Cocos Island, Costa Rica
500 kilometres from the mainland, 36 hours by sea. A national park, entry permit $500 per person. Hammerheads, mantas, whale sharks — and virtually no other boats. 12 days from $7,860.

What certification do you need
Minimum — PADI Open Water Diver (or equivalent from another agency: SSI, CMAS, NDL). This is the basic certificate allowing dives to 18 metres.
For most liveaboard routes, Advanced Open Water Diver is recommended — it permits dives to 30 metres and includes experience with drift dives and night dives.
On advanced routes (Daedalus, Galápagos, Cocos) — strong currents, depths to 40 metres, dives in blue water. Here you need Advanced Open Water and at least 50 dives in your logbook.
Beyond the certificate, real experience matters: confident buoyancy control, ability to equalise on the move, composure in a current. If your last dive was more than a year ago, consider a ReActivate course (skills refresher) before the trip.

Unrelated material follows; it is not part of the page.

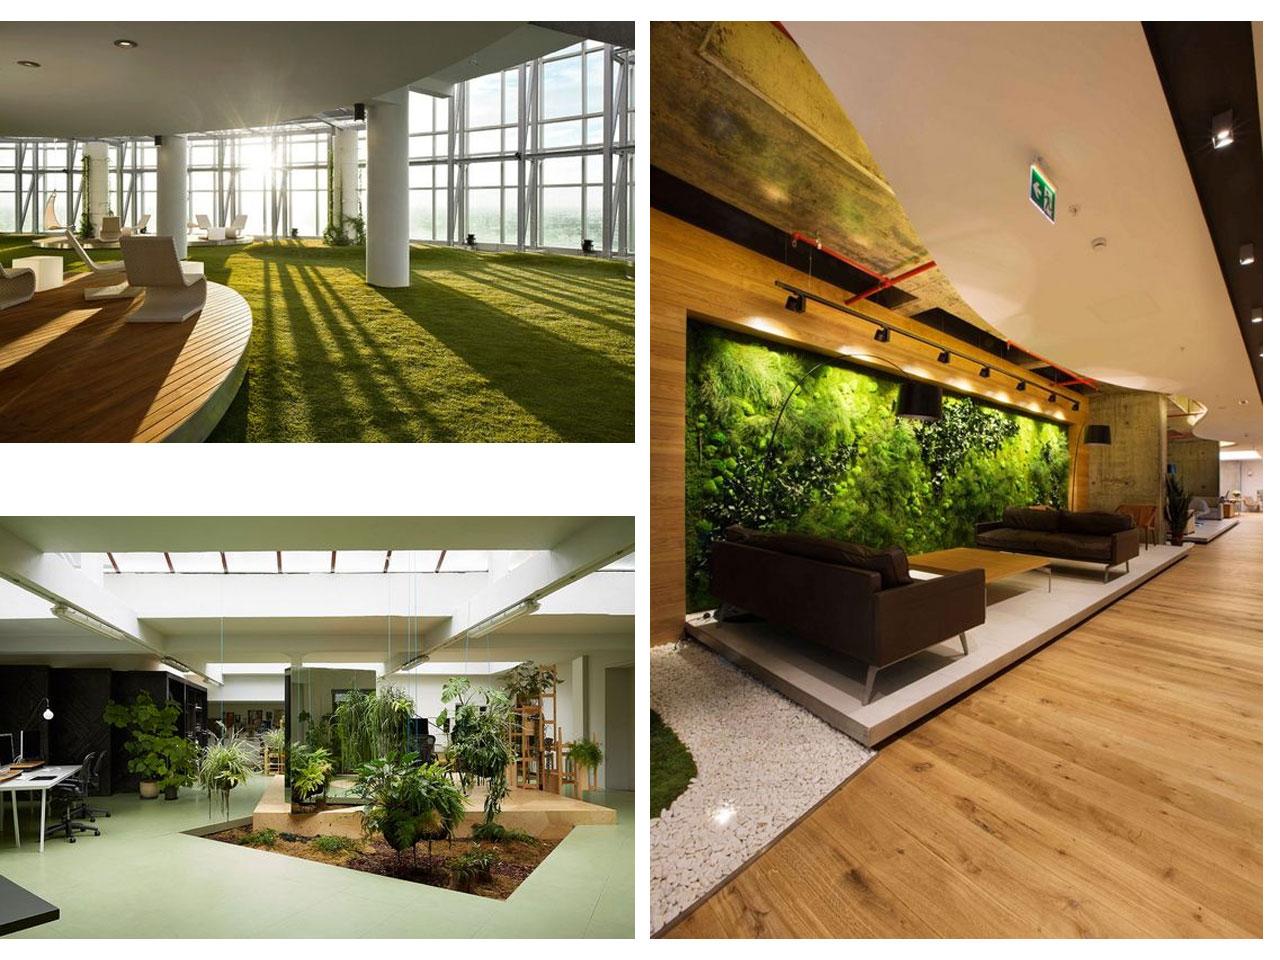 Tendencias oficinas 2016 2017 dise o de interiores for Disenos de interiores para oficinas

How much does a dive safari cost
| Destination | Duration | Price | Flights |
|---|---|---|---|
| Egypt, Red Sea | 8 days | from €1,760 | ~€400 (direct) |
| Maldives | 13 days | from $3,850 | ~$800 (direct) |
| Galápagos | 8 days | from $7,100 | ~$2,000 (2–3 stops) |
| Cocos, Costa Rica | 12 days | from $7,860 | ~$1,500 (1–2 stops) |
Cost per dive on a safari: $65–142 (including accommodation and meals). For comparison: a single boat dive at a tropical resort costs $80–100, without accommodation or food.
What to bring
Your own gear (if you have it): regulator, BCD, computer, mask, fins, wetsuit. Personal gear is more familiar and hygienic, especially for a week of daily diving.
If you don’t have your own — most yachts offer full rental kits. But notify them when booking: popular sizes go fast.
Essential: - Dive certificate and logbook - Reef-safe sunscreen (no oxybenzone) - Seasickness tablets (it can get rough during transits) - Light clothing and a hoodie (it’s cool on deck in the evening) - Camera with underwater housing (if you have one)
Where to start
First safari. The Red Sea is the classic starting point. Direct flights, straightforward logistics, comfortable conditions. Eight days from €1,760 is enough to know whether this format suits you.
For experienced divers. The Maldives — 27 dives over 13 days, mantas and whale sharks in atoll channels. The Galápagos — walls of hammerhead sharks at Darwin’s Arch, strong currents and cold water, diving at the edge of your certification.
For those who’ve seen it all. Cocos Island — 500 kilometres from the mainland, twelve days in the ocean, $500 permit. Or St Helena — whale sharks in the middle of the Atlantic. These are expeditions you don’t go on for pretty reefs — you go for what most divers will never see.